## Supplied records:

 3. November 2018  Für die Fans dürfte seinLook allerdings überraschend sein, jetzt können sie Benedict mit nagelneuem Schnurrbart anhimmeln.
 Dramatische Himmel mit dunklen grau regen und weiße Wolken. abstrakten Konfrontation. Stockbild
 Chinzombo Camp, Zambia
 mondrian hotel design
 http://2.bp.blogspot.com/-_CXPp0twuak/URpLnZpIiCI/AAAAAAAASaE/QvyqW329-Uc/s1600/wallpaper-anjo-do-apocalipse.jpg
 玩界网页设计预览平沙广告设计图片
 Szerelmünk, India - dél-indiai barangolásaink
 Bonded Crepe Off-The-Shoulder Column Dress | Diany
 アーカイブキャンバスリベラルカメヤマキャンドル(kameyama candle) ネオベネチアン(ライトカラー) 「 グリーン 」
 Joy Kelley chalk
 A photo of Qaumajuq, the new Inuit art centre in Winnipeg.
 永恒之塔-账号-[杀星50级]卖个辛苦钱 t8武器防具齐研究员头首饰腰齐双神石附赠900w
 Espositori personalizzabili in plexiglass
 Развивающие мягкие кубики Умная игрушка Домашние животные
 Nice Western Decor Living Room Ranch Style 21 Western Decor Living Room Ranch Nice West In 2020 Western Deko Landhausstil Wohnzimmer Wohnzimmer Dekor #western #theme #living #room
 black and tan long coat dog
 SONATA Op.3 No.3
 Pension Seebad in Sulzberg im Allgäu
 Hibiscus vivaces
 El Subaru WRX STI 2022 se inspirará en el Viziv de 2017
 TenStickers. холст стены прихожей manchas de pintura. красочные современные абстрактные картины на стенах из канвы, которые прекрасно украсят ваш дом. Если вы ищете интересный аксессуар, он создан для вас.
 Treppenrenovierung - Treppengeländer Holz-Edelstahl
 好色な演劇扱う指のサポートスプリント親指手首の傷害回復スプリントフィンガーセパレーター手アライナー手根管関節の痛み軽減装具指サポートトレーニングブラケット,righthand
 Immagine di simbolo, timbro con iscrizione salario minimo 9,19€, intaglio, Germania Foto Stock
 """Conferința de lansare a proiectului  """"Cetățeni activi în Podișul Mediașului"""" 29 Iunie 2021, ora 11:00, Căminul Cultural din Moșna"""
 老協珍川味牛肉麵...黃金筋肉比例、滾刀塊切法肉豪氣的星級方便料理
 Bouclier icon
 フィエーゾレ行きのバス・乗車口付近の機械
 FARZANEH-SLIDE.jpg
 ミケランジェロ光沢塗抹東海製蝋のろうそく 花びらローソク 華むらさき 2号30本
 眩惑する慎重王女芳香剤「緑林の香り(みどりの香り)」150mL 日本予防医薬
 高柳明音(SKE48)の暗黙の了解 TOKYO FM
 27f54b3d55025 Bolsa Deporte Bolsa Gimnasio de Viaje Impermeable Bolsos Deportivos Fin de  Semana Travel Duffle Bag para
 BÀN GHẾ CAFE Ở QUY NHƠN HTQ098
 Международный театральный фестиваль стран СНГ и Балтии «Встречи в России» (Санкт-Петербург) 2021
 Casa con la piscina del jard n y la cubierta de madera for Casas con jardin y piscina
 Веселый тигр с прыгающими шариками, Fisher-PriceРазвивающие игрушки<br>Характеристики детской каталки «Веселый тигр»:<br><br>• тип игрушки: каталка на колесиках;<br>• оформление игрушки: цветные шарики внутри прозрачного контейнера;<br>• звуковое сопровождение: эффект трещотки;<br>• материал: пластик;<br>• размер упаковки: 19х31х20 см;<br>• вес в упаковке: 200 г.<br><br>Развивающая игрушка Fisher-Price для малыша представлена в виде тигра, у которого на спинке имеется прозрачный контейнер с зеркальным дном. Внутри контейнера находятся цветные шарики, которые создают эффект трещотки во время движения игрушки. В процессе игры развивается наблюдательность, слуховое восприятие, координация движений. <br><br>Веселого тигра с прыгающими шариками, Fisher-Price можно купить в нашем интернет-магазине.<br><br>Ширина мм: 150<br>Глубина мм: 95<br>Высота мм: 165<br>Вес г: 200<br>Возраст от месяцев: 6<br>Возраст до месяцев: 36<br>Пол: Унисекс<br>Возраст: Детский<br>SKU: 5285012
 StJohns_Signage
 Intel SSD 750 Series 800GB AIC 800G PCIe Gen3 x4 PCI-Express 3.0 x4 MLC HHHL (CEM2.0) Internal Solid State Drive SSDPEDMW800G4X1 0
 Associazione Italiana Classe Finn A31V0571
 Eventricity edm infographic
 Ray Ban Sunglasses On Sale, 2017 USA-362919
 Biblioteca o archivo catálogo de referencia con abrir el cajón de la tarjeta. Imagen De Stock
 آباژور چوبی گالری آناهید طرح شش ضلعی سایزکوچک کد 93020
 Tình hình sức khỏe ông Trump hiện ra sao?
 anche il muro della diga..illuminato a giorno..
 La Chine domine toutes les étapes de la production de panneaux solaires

## Task details:
With the line holding "Joy Kelley chalk" as the first and the line holding "Casa con la" as the last, please transcribe exactly the lines of the material above in that range and nothing else.

## Response to this exercise:
 Joy Kelley chalk
 A photo of Qaumajuq, the new Inuit art centre in Winnipeg.
 永恒之塔-账号-[杀星50级]卖个辛苦钱 t8武器防具齐研究员头首饰腰齐双神石附赠900w
 Espositori personalizzabili in plexiglass
 Развивающие мягкие кубики Умная игрушка Домашние животные
 Nice Western Decor Living Room Ranch Style 21 Western Decor Living Room Ranch Nice West In 2020 Western Deko Landhausstil Wohnzimmer Wohnzimmer Dekor #western #theme #living #room
 black and tan long coat dog
 SONATA Op.3 No.3
 Pension Seebad in Sulzberg im Allgäu
 Hibiscus vivaces
 El Subaru WRX STI 2022 se inspirará en el Viziv de 2017
 TenStickers. холст стены прихожей manchas de pintura. красочные современные абстрактные картины на стенах из канвы, которые прекрасно украсят ваш дом. Если вы ищете интересный аксессуар, он создан для вас.
 Treppenrenovierung - Treppengeländer Holz-Edelstahl
 好色な演劇扱う指のサポートスプリント親指手首の傷害回復スプリントフィンガーセパレーター手アライナー手根管関節の痛み軽減装具指サポートトレーニングブラケット,righthand
 Immagine di simbolo, timbro con iscrizione salario minimo 9,19€, intaglio, Germania Foto Stock
 """Conferința de lansare a proiectului  """"Cetățeni activi în Podișul Mediașului"""" 29 Iunie 2021, ora 11:00, Căminul Cultural din Moșna"""
 老協珍川味牛肉麵...黃金筋肉比例、滾刀塊切法肉豪氣的星級方便料理
 Bouclier icon
 フィエーゾレ行きのバス・乗車口付近の機械
 FARZANEH-SLIDE.jpg
 ミケランジェロ光沢塗抹東海製蝋のろうそく 花びらローソク 華むらさき 2号30本
 眩惑する慎重王女芳香剤「緑林の香り(みどりの香り)」150mL 日本予防医薬
 高柳明音(SKE48)の暗黙の了解 TOKYO FM
 27f54b3d55025 Bolsa Deporte Bolsa Gimnasio de Viaje Impermeable Bolsos Deportivos Fin de  Semana Travel Duffle Bag para
 BÀN GHẾ CAFE Ở QUY NHƠN HTQ098
 Международный театральный фестиваль стран СНГ и Балтии «Встречи в России» (Санкт-Петербург) 2021
 Casa con la piscina del jard n y la cubierta de madera for Casas con jardin y piscina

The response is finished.